Johnson has been criticised for his "boosterism" approach to the virus, whereby he over-promises methods to combat the virus, including a track and trace system which he said would be "world beating" but is failing. Mass antibody tests touted by the PM have also proved defective.

He appeared to acknowledge this when telling MPs that things would soon get better.

"Even the medical and scientific advisers, who are not normally full of cheer on this matter, are optimistic when they consider the therapies, the prospect of a vaccine and the prospect of mass testing."

Heathrow Airport.Credit:Bloomberg

England's second shut down will allow essential retail to stay open but require personal care, leisure and entertainment, as well as gyms and swimming pools to close.

The new lockdown follows stricter measures already introduced by the governments in Wales and Scotland which have jurisdiction over health.

Johnson wants the reinfection rate to drop below 1 before lifting restrictions.
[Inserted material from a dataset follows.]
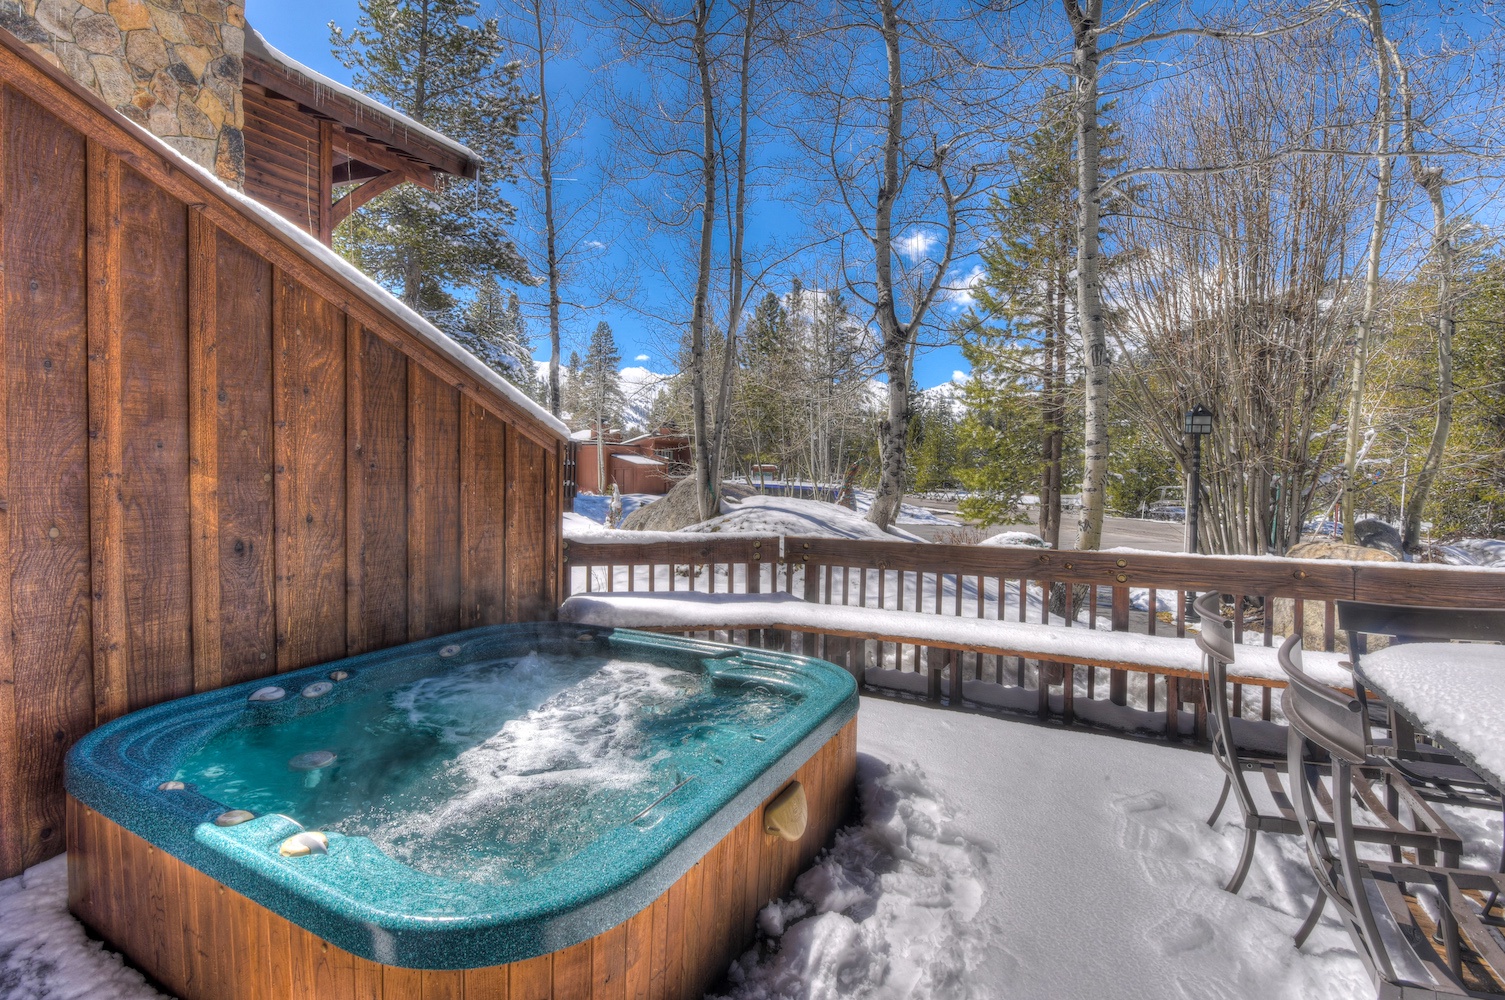 Hot tub outside the deck during winter

England's reinfection rate is currently between 1.1 and 1.3 with a growth rate of between two to four per cent.

A further 18,950 infections were confirmed on Monday and the daily death toll rose by 136.

However, the government is worried by the number of people in hospital putting pressure on the health system. The UK has 10,918 patients in hospital – 1505 were admitted on Monday alone.

Johnson said if England did not go into lockdown this week for four weeks it could see patients turned away from hospitals.

Labour leader Keir Starmer who called for a two-week lockdown in mid-October criticised Johnson's "inaction."

"At every stage the Prime Minister has been too slow, behind the curve … and put what he hoped would happen ahead of what is happening."